--- SOURCE DATA Enclosed Below ---

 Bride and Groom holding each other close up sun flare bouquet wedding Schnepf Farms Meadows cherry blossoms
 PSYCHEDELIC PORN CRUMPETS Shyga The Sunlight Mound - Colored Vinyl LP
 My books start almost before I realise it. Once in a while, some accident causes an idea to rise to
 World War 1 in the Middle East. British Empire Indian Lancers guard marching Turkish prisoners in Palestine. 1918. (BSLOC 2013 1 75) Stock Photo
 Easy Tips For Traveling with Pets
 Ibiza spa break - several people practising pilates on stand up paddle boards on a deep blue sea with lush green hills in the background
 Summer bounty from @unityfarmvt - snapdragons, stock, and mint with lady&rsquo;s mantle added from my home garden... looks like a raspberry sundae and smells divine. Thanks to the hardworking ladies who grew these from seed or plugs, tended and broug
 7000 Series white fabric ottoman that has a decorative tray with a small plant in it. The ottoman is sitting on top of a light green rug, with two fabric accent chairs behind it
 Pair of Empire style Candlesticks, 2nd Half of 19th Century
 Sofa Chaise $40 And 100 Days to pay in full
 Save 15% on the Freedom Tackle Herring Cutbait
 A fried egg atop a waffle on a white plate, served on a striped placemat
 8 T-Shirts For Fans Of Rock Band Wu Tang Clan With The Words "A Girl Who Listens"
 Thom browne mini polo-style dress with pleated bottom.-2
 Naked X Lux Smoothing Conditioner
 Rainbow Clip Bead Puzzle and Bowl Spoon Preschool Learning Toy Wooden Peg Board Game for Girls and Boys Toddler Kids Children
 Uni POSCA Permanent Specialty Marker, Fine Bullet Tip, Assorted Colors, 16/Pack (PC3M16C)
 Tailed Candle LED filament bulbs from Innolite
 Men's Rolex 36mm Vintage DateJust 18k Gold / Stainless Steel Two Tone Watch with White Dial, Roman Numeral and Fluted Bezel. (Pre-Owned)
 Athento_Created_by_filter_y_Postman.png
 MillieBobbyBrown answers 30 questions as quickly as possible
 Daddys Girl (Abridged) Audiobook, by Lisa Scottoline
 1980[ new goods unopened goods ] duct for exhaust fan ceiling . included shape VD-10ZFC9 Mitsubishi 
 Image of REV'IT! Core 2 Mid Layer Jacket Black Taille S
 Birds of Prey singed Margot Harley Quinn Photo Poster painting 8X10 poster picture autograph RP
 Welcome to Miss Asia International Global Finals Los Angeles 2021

--- End of Enclosed SOURCE DATA ---

* EXERCISE:
Reproduce, please, the lines of the material from its first line down to the line containing "Sofa Chaise $40 And 100 Days to pay in full", keeping both ends and nothing beyond them.

* RESPONSE:
 Bride and Groom holding each other close up sun flare bouquet wedding Schnepf Farms Meadows cherry blossoms
 PSYCHEDELIC PORN CRUMPETS Shyga The Sunlight Mound - Colored Vinyl LP
 My books start almost before I realise it. Once in a while, some accident causes an idea to rise to
 World War 1 in the Middle East. British Empire Indian Lancers guard marching Turkish prisoners in Palestine. 1918. (BSLOC 2013 1 75) Stock Photo
 Easy Tips For Traveling with Pets
 Ibiza spa break - several people practising pilates on stand up paddle boards on a deep blue sea with lush green hills in the background
 Summer bounty from @unityfarmvt - snapdragons, stock, and mint with lady&rsquo;s mantle added from my home garden... looks like a raspberry sundae and smells divine. Thanks to the hardworking ladies who grew these from seed or plugs, tended and broug
 7000 Series white fabric ottoman that has a decorative tray with a small plant in it. The ottoman is sitting on top of a light green rug, with two fabric accent chairs behind it
 Pair of Empire style Candlesticks, 2nd Half of 19th Century
 Sofa Chaise $40 And 100 Days to pay in full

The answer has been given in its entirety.